在编程世界中，管理库的版本非常重要，因为随着时间推移，兼容性问题和弃用函数可能会出现。为了解决这个问题，我们使用pip freeze和pip show来显示在本教程中使用的所有库，确保版本和依赖关系的透明度。

!pip freeze
!pip show selenium
!pip show llama-index-core
!pip show llama-index-llms-openai
!pip show llama-index-multi-modal-llms-openai
!pip show llama_index.readers.file
!pip show pandas_ta
!pip show kafka-python

未来扩张 — 投资再平衡

```html

在未来的教程中，我们将添加一个功能，根据机器人生成的交易推荐动态调整投资金额。此增强功能将使机器人更具适应性和对市场趋势的响应能力，从而实现更具战略性和高效的决策。

```

值得注意的是，在目前的环境中运行这个机器人存在一些限制，特别是在Colab笔记本设置中。例如，用于获取买入和卖出价格的网络请求可能会出现延迟，甚至由于网络延迟、处理延迟或数据源限制而导致时间不准确。因此，这个初始的机器人并不能完全实时运行，就像直接连接到金融交易所的生产环境中那样。

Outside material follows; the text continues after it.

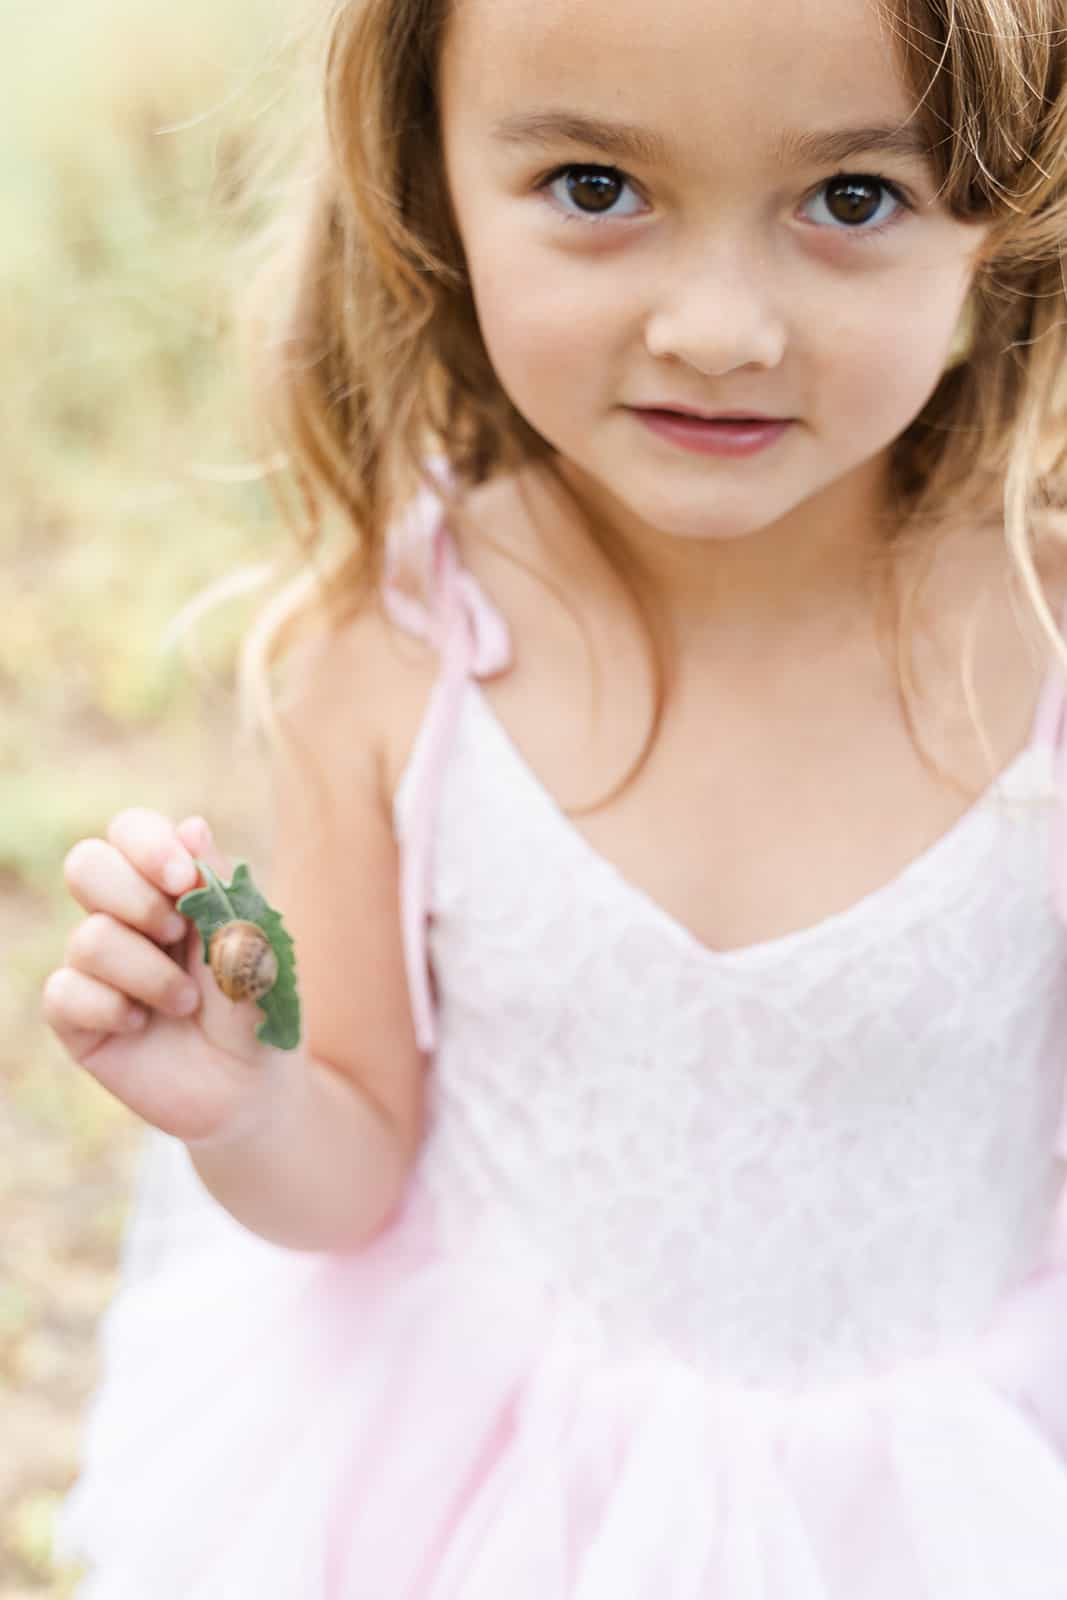 A young girl plays with a snail on a leaf while wearing a pink dress

话虽如此，这个设置是构建交易机器人的绝佳起点。它介绍了收集和处理实时市场数据的基础知识，使用机器学习模型生成可操作的见解，并建立一个可能发展成稳健交易解决方案的系统。通过在未来的迭代和教程中解决这些限制，比如改进数据源连接或迁移到生产级服务器以提供更好的实时能力，这个机器人可以显著发展，以服务更复杂的交易策略。

```html 感谢您坚持到最后，祝您编程愉快！🎉💻 ```

参考资料

I'm unable to access external websites directly. However, I can help you translate a specific text if you provide it here. Please copy the text you would like translated into simplified Chinese, and I'll be happy to assist you!